── The data
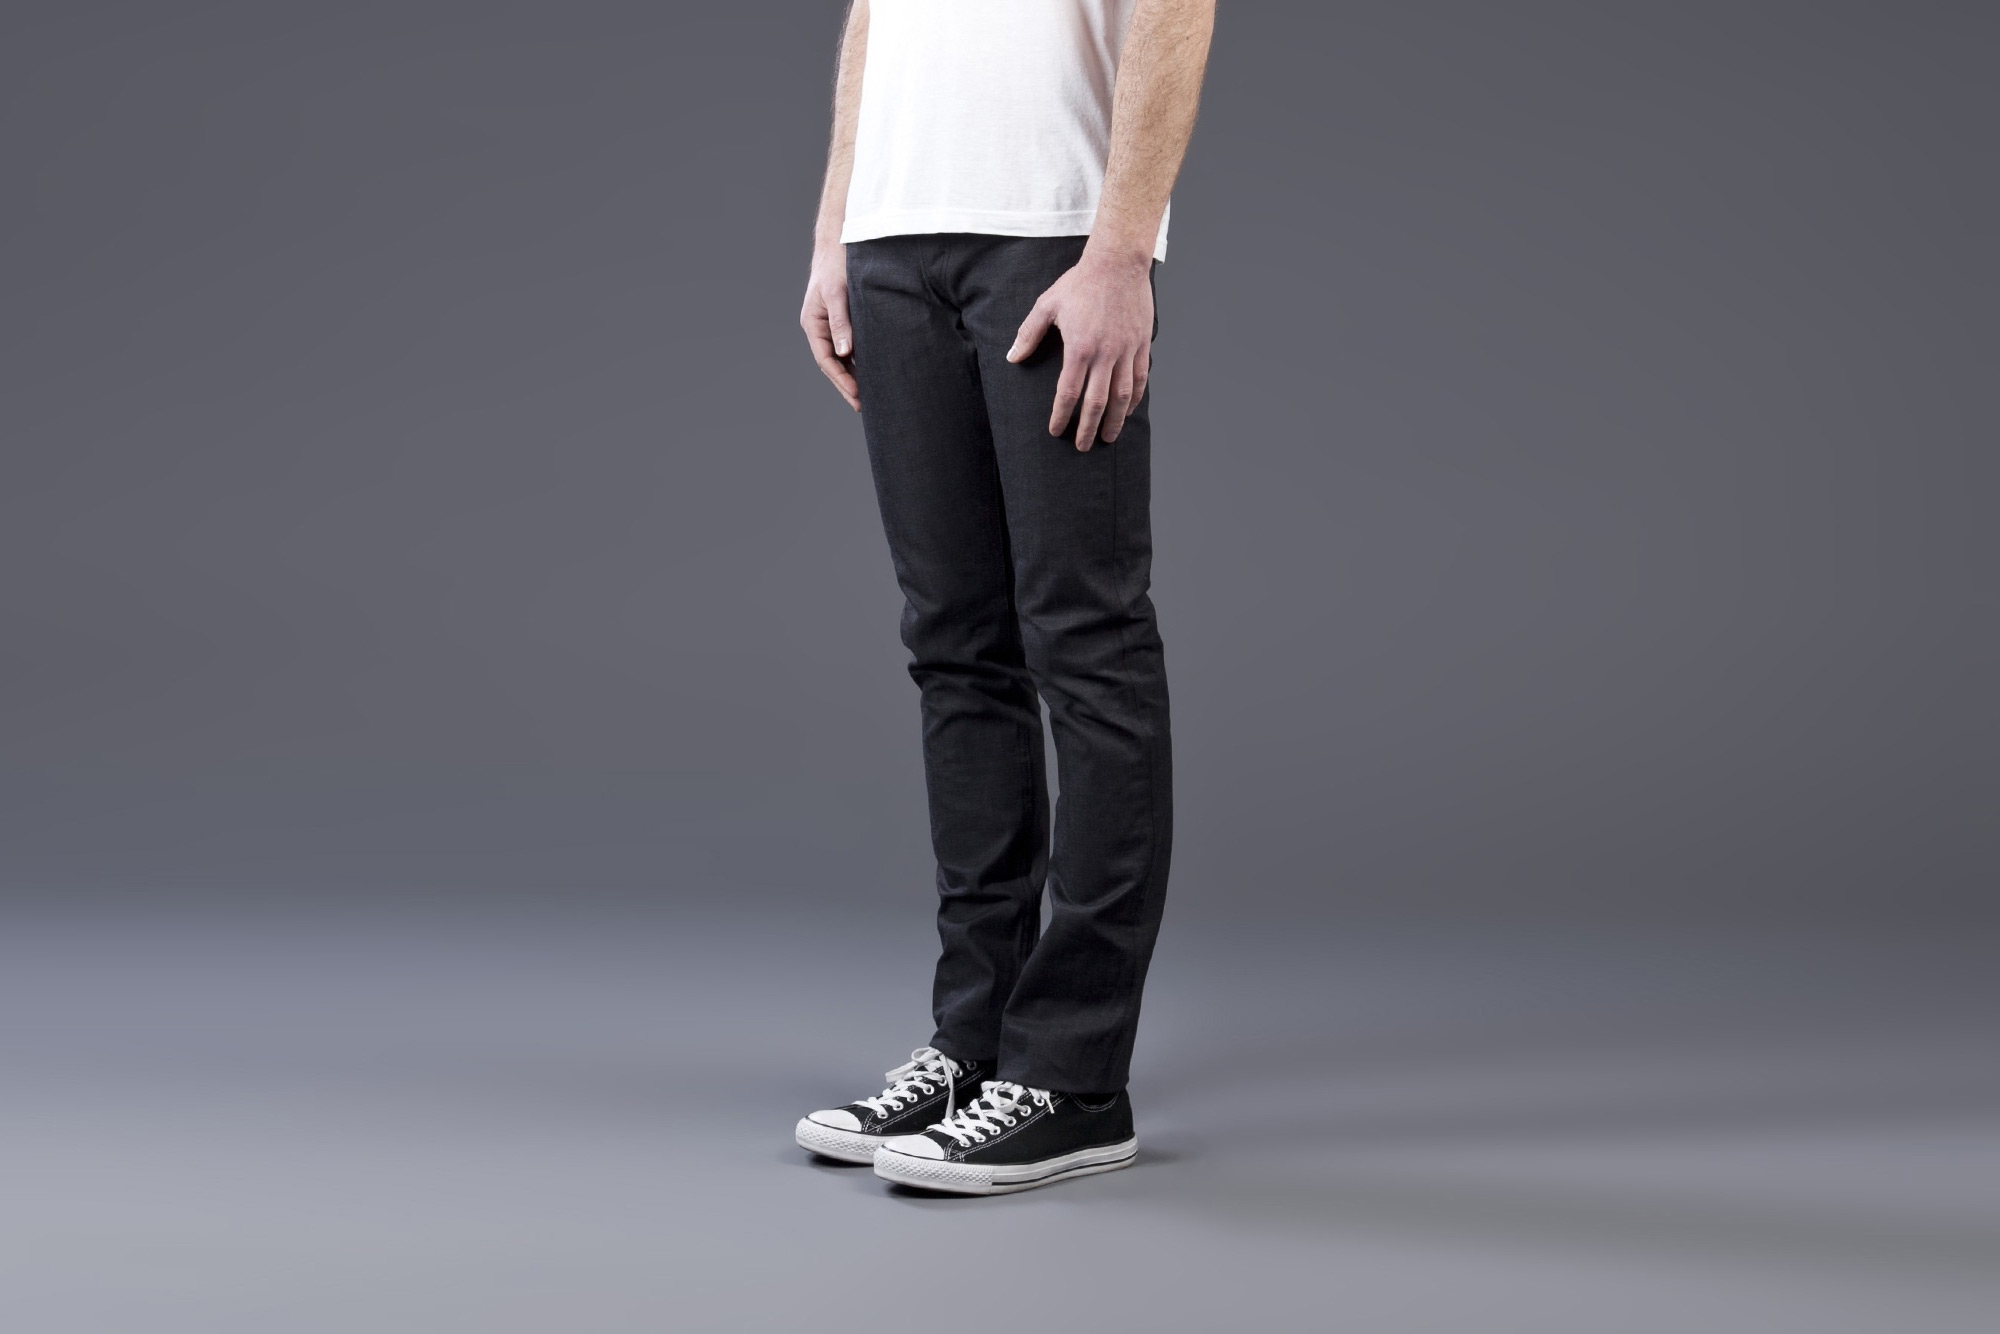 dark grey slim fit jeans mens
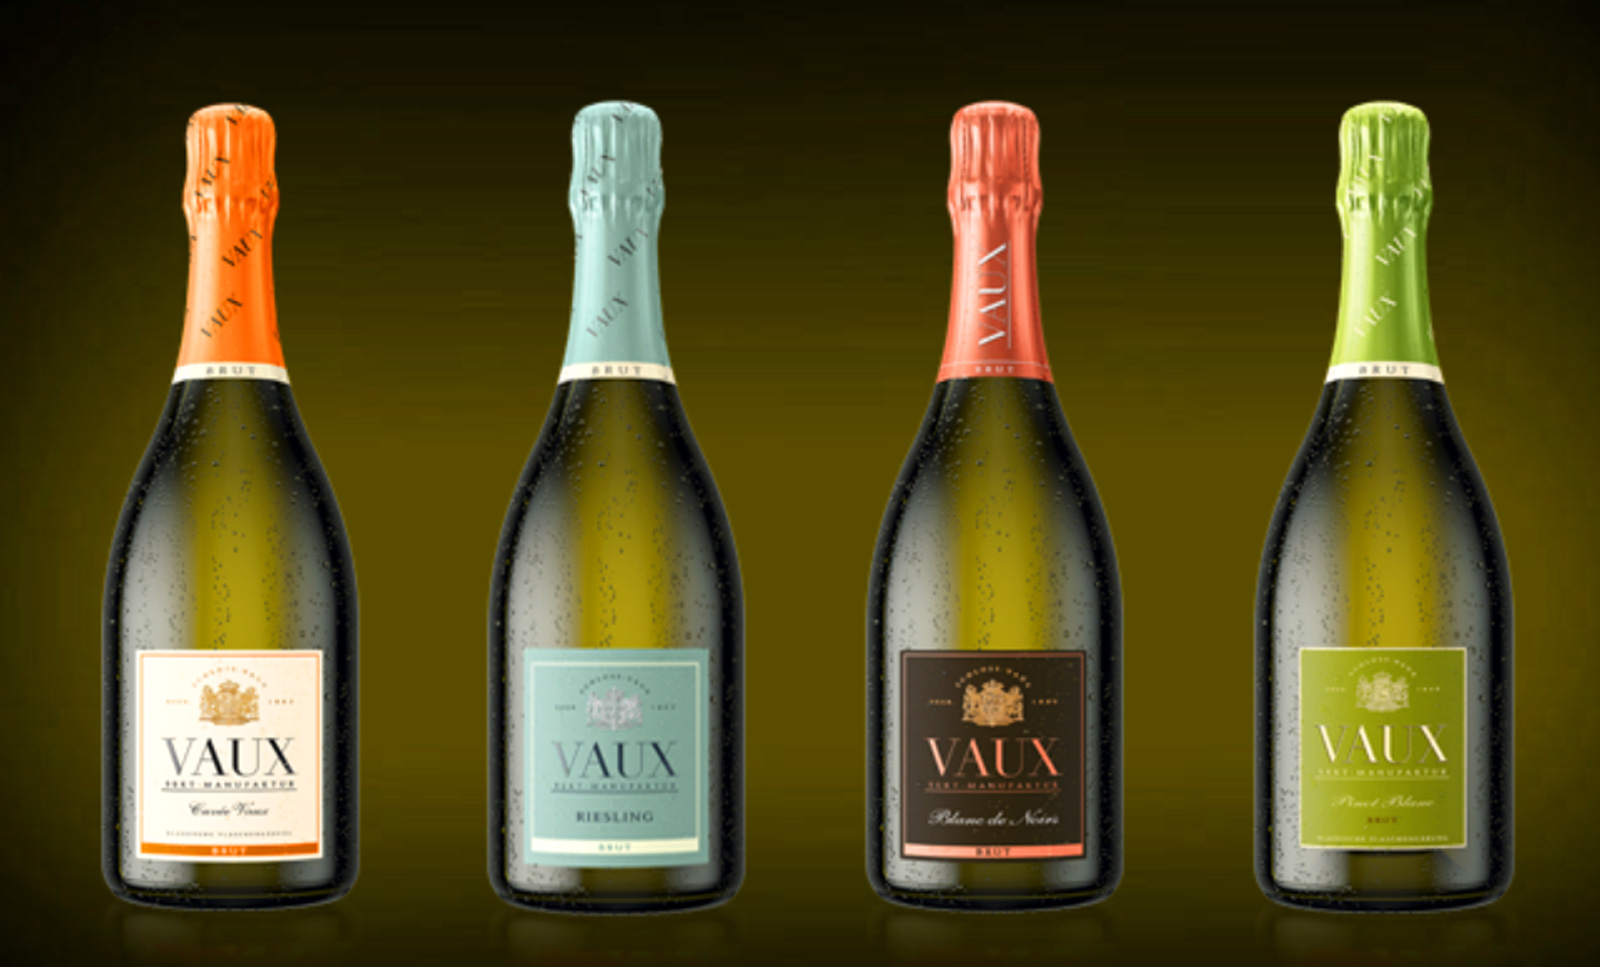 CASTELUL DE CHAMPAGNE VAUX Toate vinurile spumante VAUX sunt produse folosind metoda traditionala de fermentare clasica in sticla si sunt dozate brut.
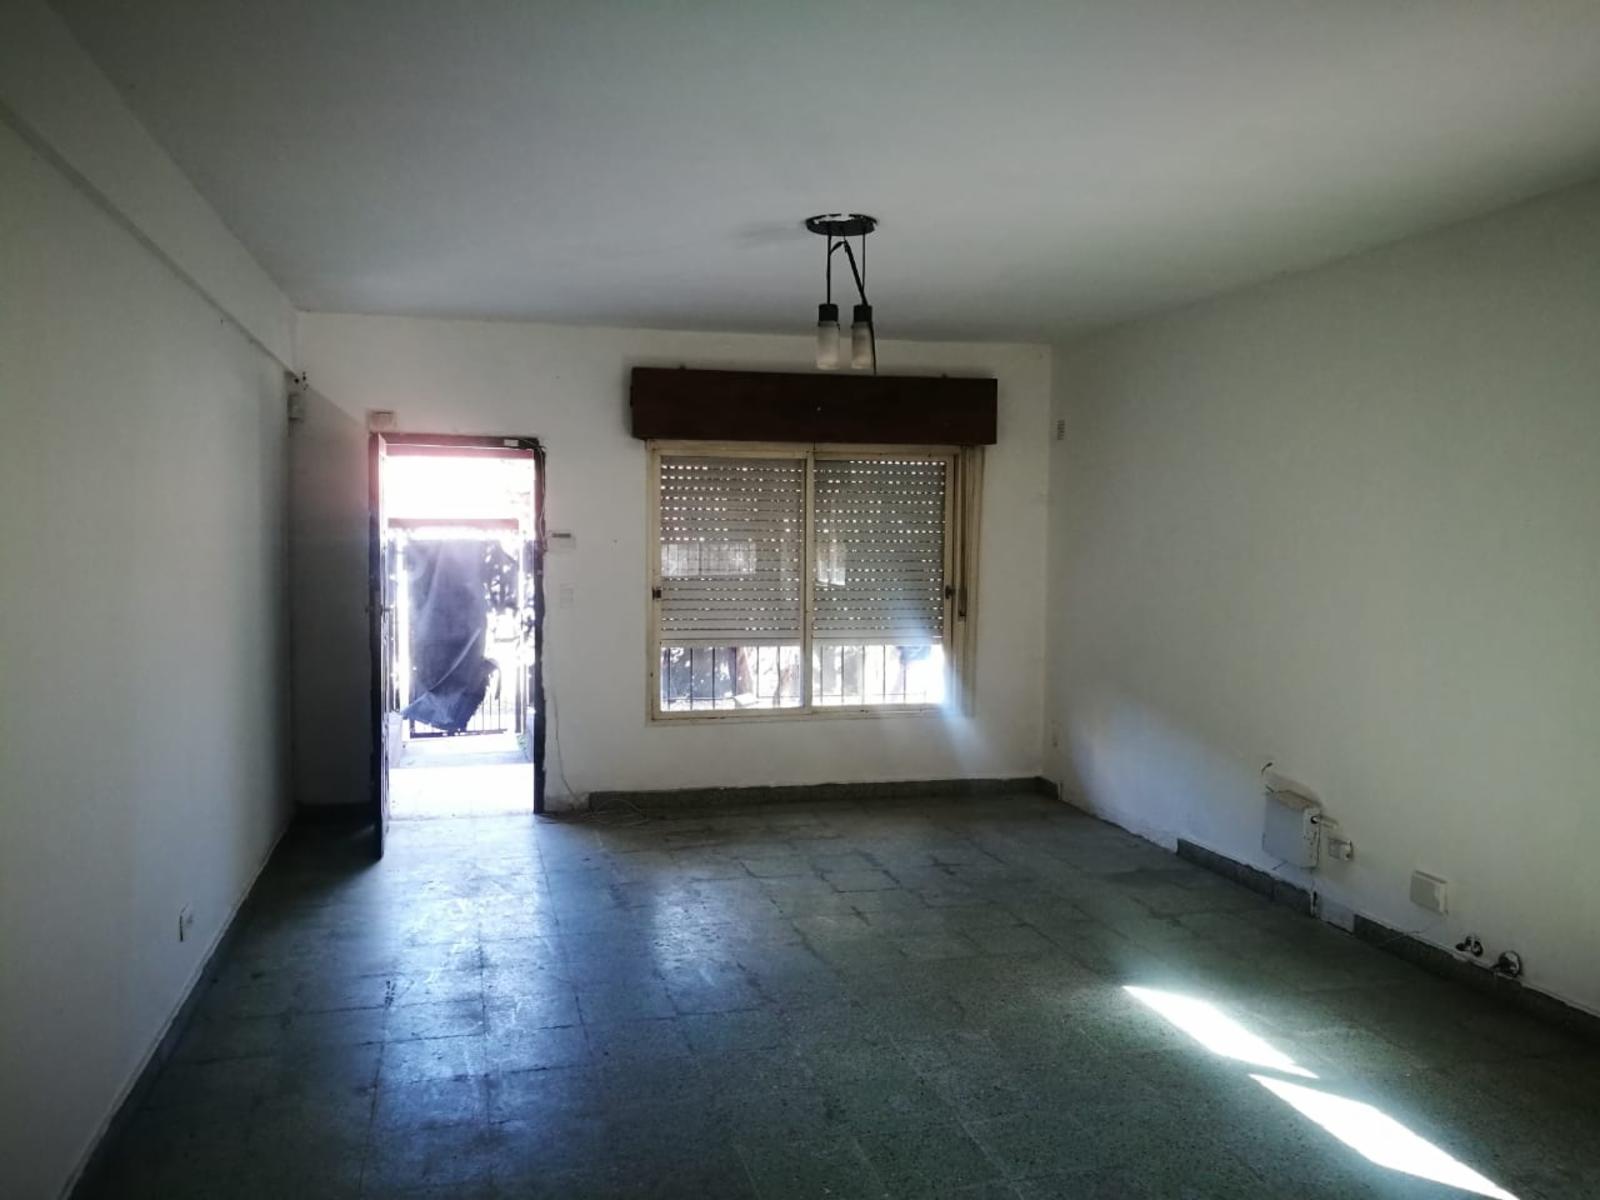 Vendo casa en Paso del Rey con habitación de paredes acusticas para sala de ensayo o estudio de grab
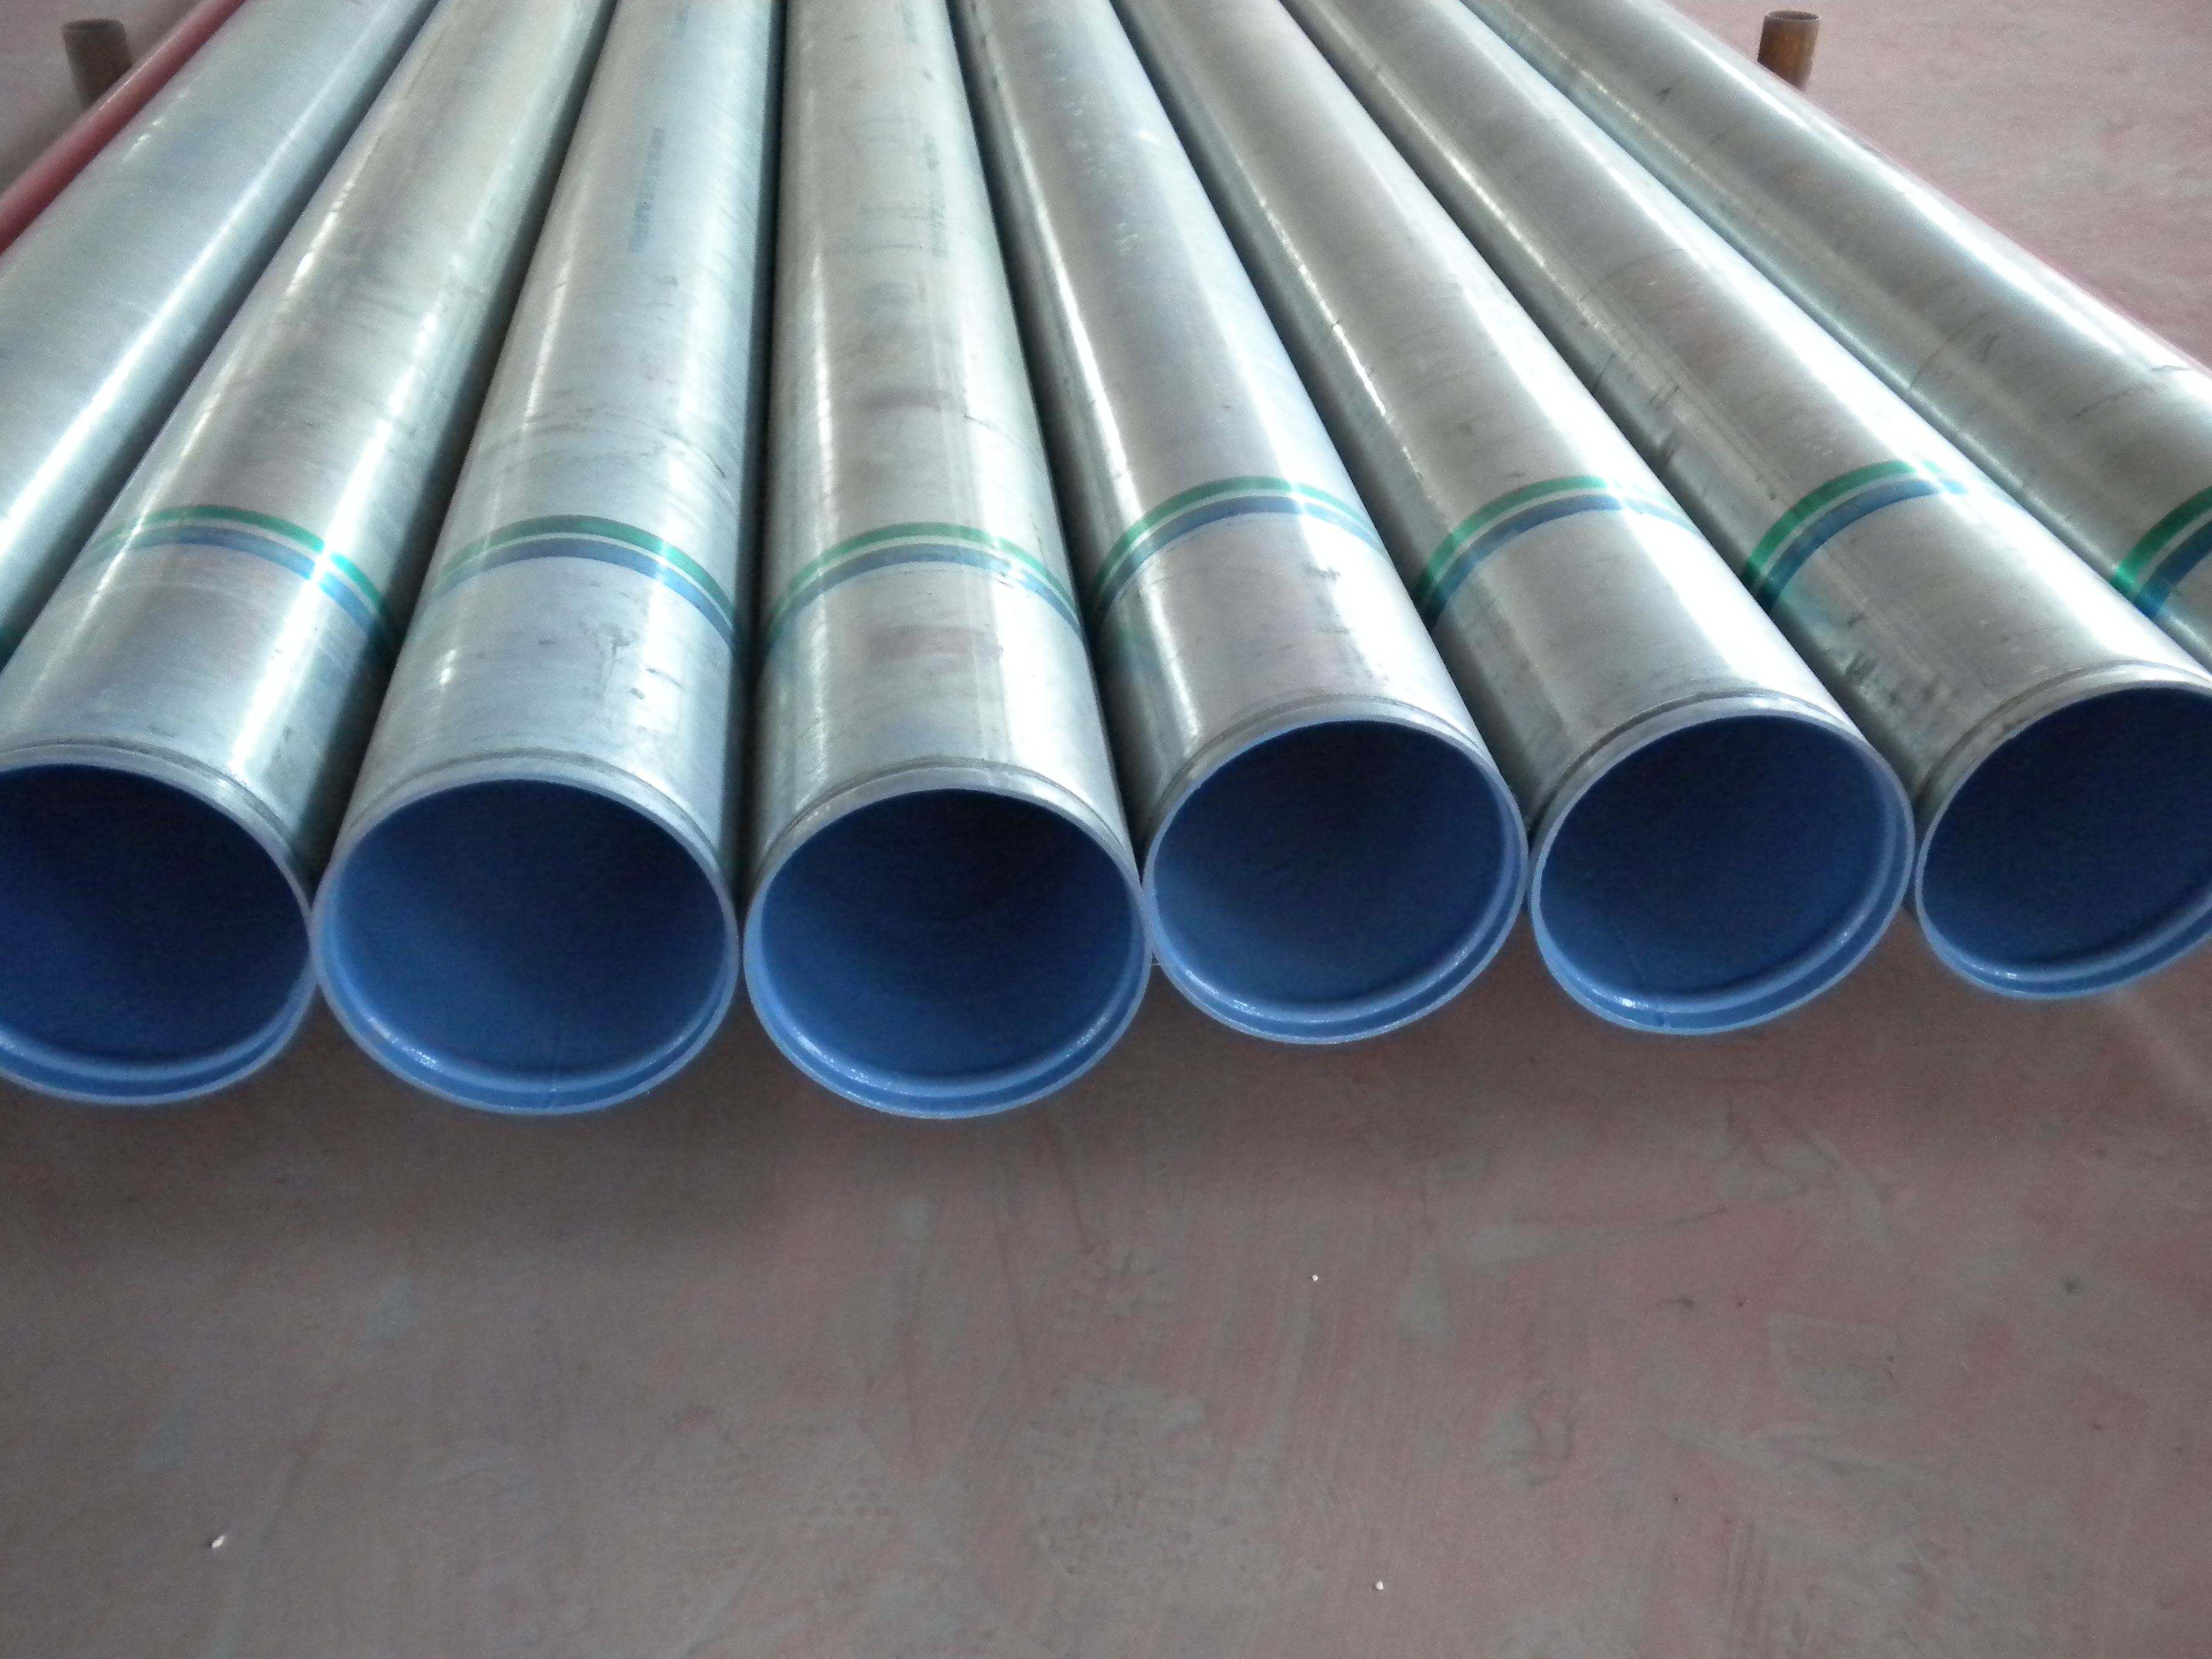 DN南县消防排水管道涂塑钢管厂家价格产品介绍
────
What is being asked :: Set the listing down exactly, without its pictures.

Your response ::
 dark grey slim fit jeans mens
 CASTELUL DE CHAMPAGNE VAUX Toate vinurile spumante VAUX sunt produse folosind metoda traditionala de fermentare clasica in sticla si sunt dozate brut.
 Vendo casa en Paso del Rey con habitación de paredes acusticas para sala de ensayo o estudio de grab
 DN南县消防排水管道涂塑钢管厂家价格产品介绍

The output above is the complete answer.